The first foreign-born director of the British Museum (chief librarians have been more international in the past), Fischer is an art historian by training, like MacGregor. Before Dresden, the Hamburg-born director led the Museum Folkwang in Essen, overseeing its David Chipperfield-designed expansion. Before that Fischer was a curator of 19th century and Modern Art at the Kunstmuseum Basel.

The British Museum trustees have been seeking a director who could balance developing its burgeoning international partnerships, particularly in Abu Dhabi, with the demands of managing an institution in London welcoming more than 6.7 million visitors a year with ever-decreasing public funding from central government.
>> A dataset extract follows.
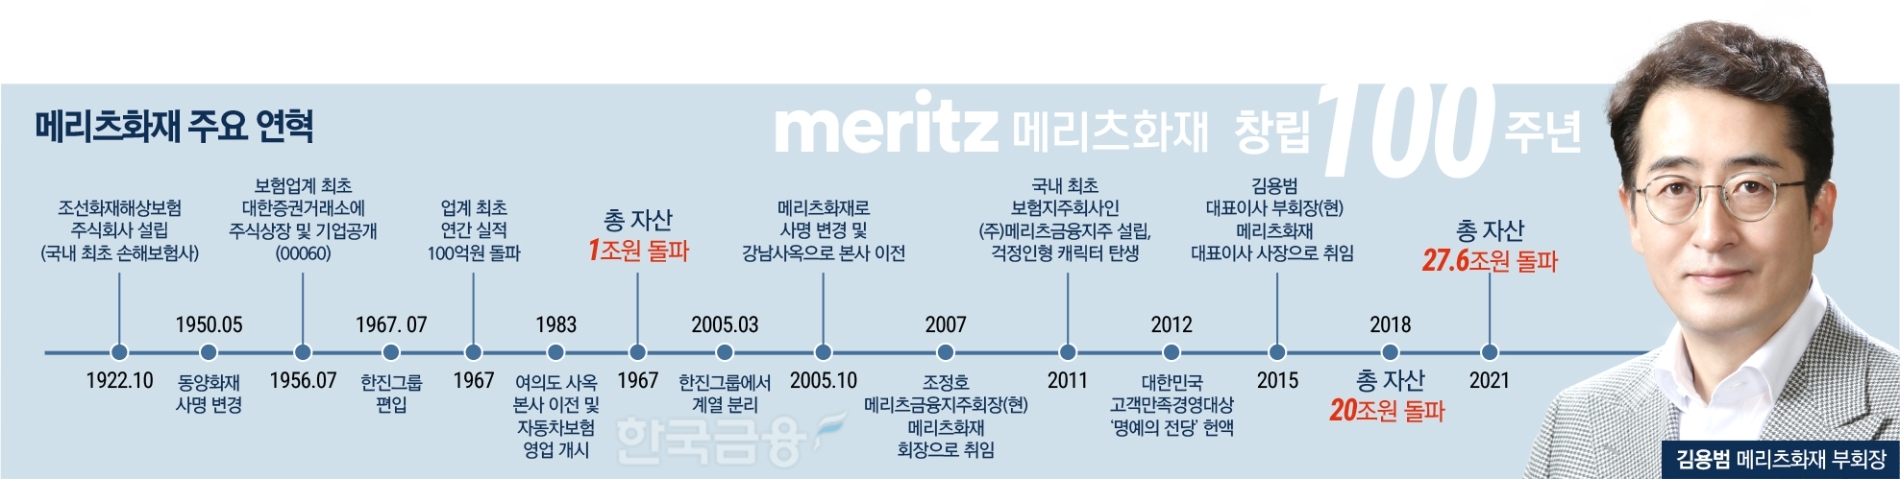 [창립 100주년 메리츠화재] 김용범 부회장 ‘혁신 DNA’ 성장 가속도

The British Museum’s World Conservation and Exhibition Centre, which opened in 2014, means that Fischer will have the space to programme high-profile exhibitions and prepare international touring exhibitions. At the Museum Folkwang he oversaw major exhibitions, including one featuring some of the so-called degenerate Modern art the Nazi’s forced the museum to deaccession in the 1930s. Lost works temporarily returned to Essen included paintings by Chagall, Matisse and Franz Marc.

Among the priorities of the British Museum's next director will be finding a new use for the now closed Reading Room. The former home of the British Library at the heart of the museum was a short-lived research library and then a special exhibition space.

If Fischer’s appointment is confirmed by Downing Street, he would join other directors lured from abroad to run Britain’s most prestigious national museums. Martin Roth, the German-born director of the Victoria and Albert Museum, was Fischer’s predecessor in charge of Dresden State Art Galleries. Gabriele Finaldi recently left the Prado in Madrid to run the National Gallery in London and Nicholas Cullinan returned to London from the Metropolitan Museum of Art in New York to run the National Portrait Gallery. Meanwhile, Chris Dercon, the Belgian-born director of Tate Modern, is heading to Berlin, as is Neil MacGregor.